Create with the command
IntegerModRing(modulus)
INPUT:
modulus -- an integer > 1
OUTPUT:
IntegerModRing -- the ring of integers modulo N.
EXAMPLES:
>>> from sage.rings.rings import *
>>> FF = IntegerModRing(17)
>>> FF
Ring of integers modulo 17
>>> type(FF)
<class 'sage.rings.integer_mod_ring.IntegerModRing'>
>>> FF.is_field()
True
>>> FF.characteristic()
17
>>> FF.modulus()
17
>>> gens = FF.unit_gens()
>>> a = gens[0]
>>> a
3
>>> type(a)
<class 'sage.rings.integer_mod.IntegerMod'>
>>> a.is_square()
False
>>> def pow(i): return a**i
>>> [pow(i) for i in range(16)]
[1, 3, 9, 10, 13, 5, 15, 11, 16, 14, 8, 7, 4, 12, 2, 6]

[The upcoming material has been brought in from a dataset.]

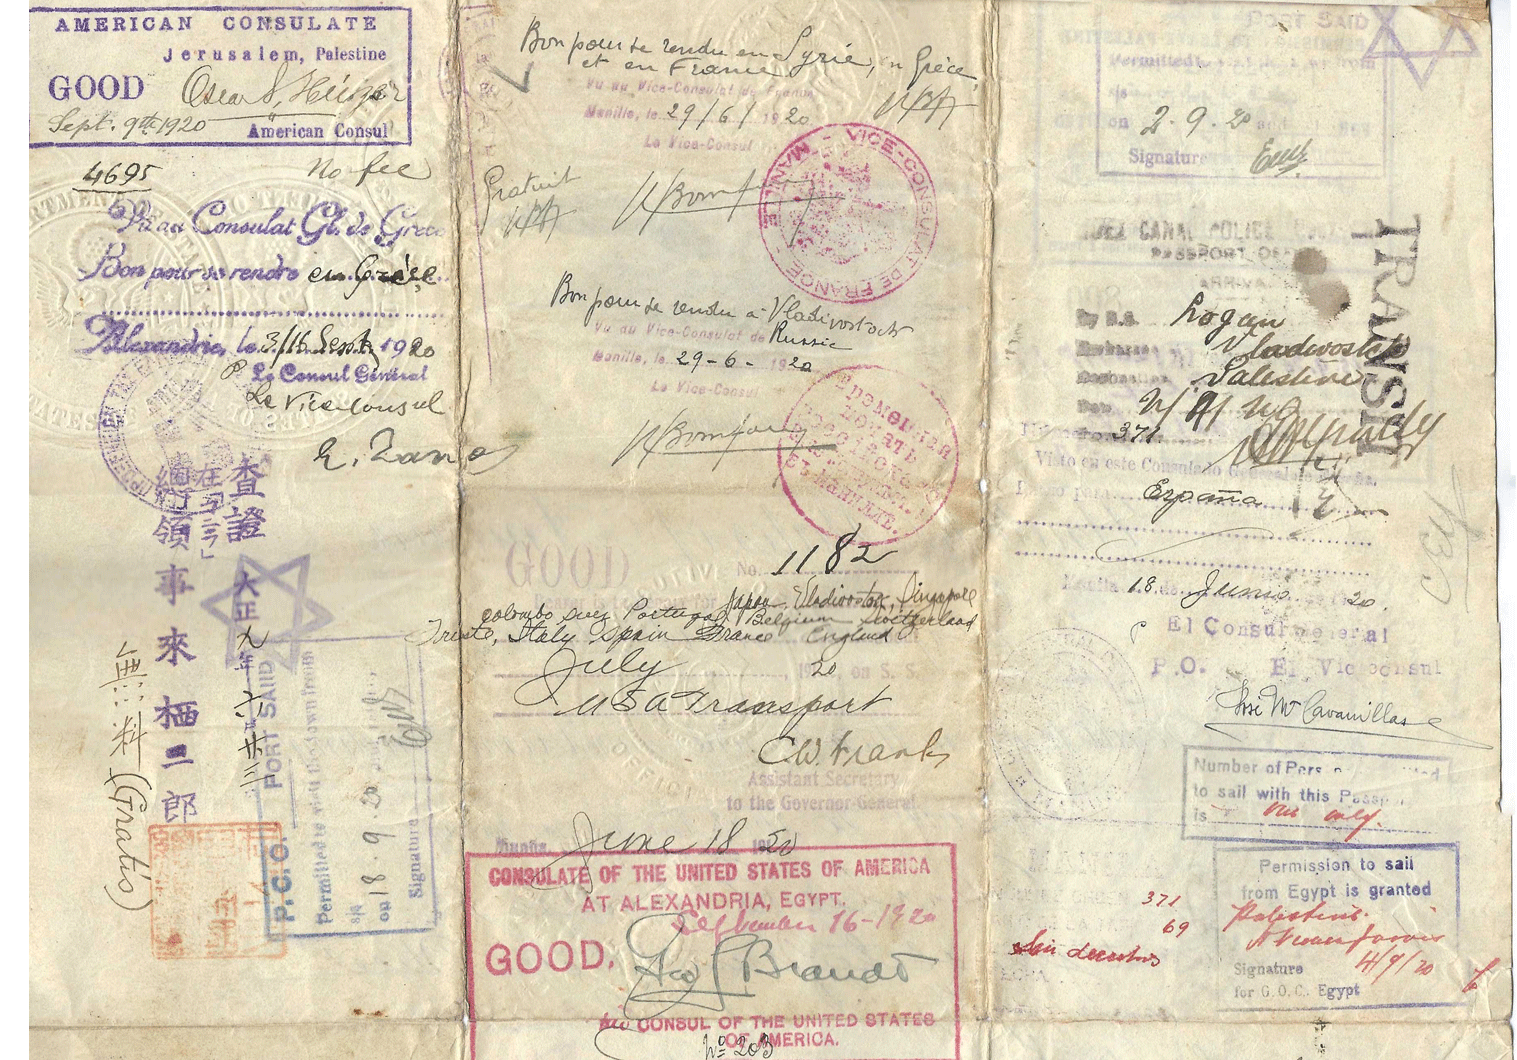 WWI Special passport
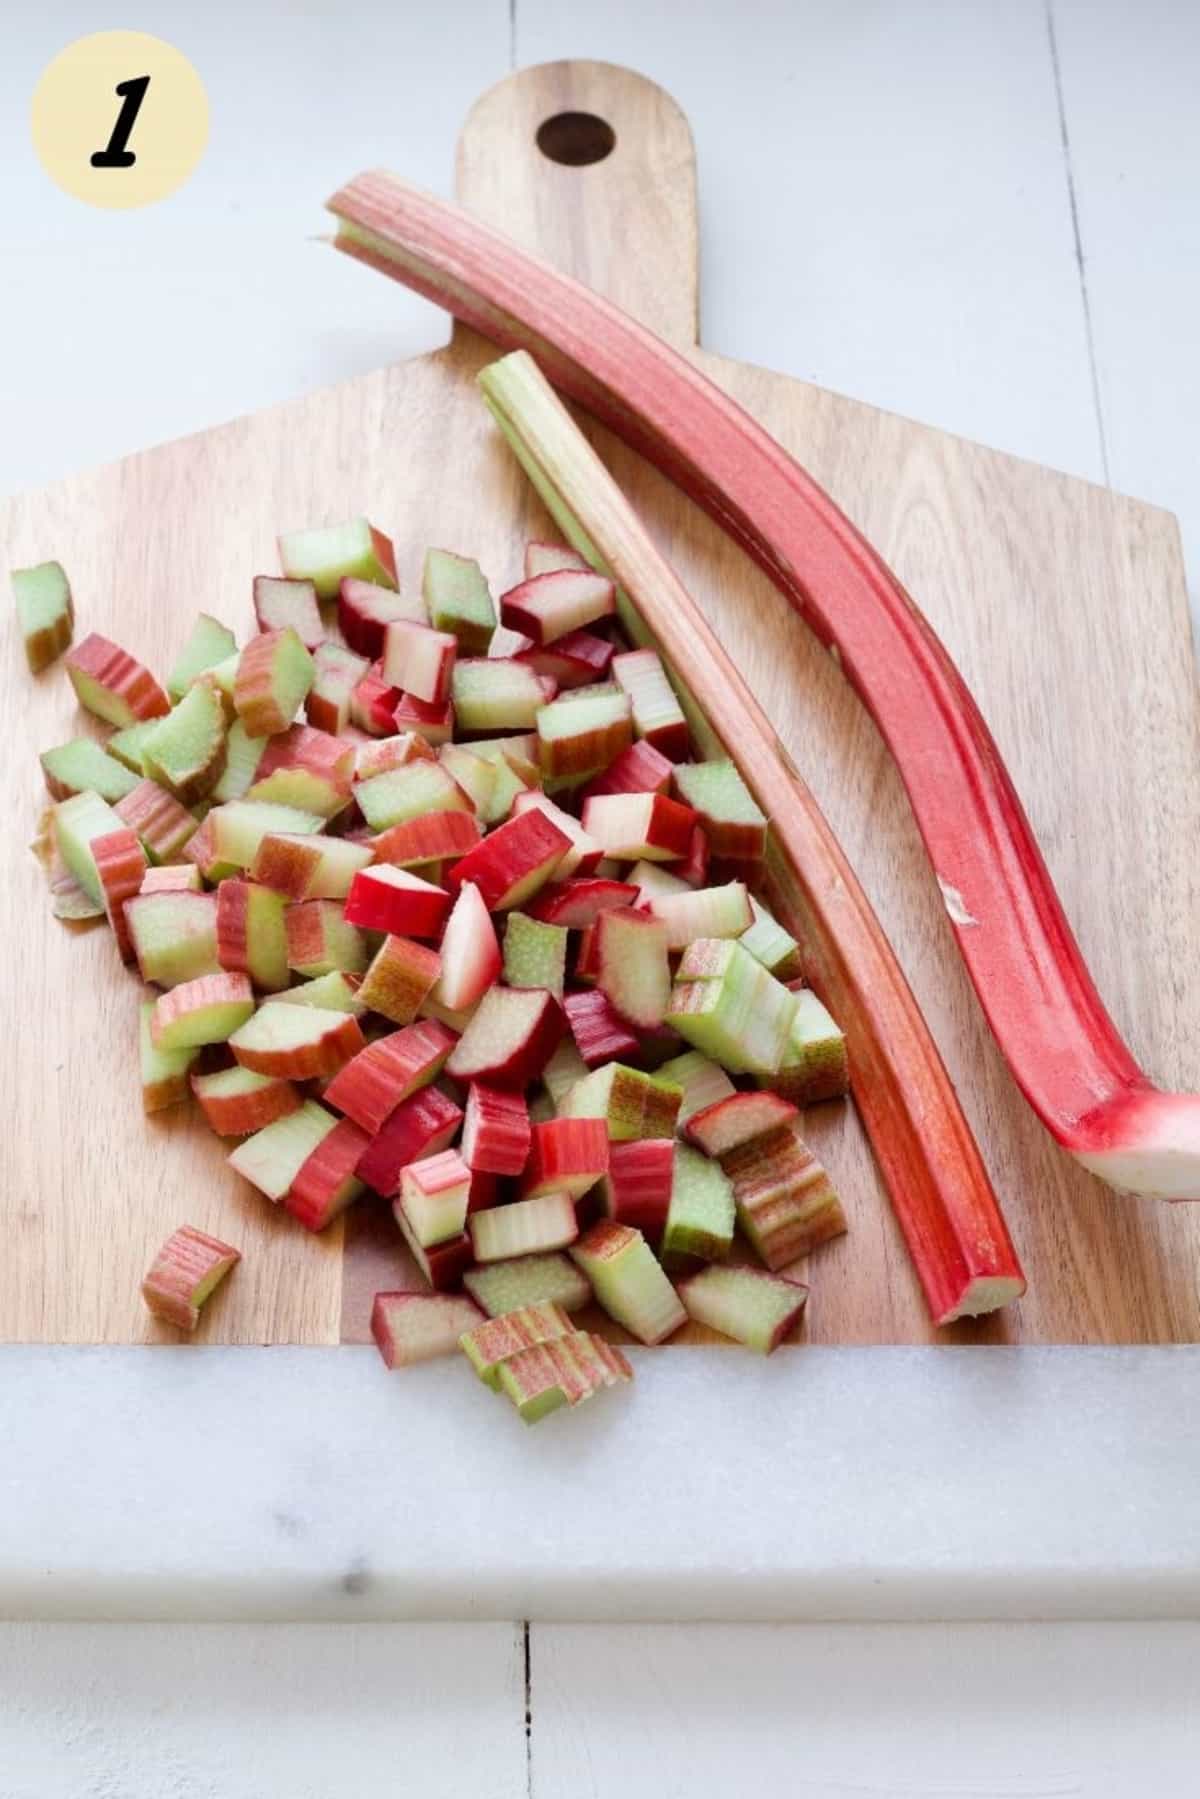 Raw rhubarb on a cutting board, partially chopped into chunks.

>>> Z16 = IntegerModRing(16)
>>> Z16.is_field()
False
>>> Z16.modulus()
16
>>> Z16.characteristic()
16
>>> gens = Z16.unit_gens()
>>> gens
[15, 5]
>>> a = gens[0]
>>> b = gens[1]
>>> def powa(i): return a**i
>>> def powb(i): return b**i
>>> gp_exp = FF.unit_group_exponent()
>>> gp_exp
16
>>> [powa(i) for i in range(15)]
[1, 15, 1, 15, 1, 15, 1, 15, 1, 15, 1, 15, 1, 15, 1]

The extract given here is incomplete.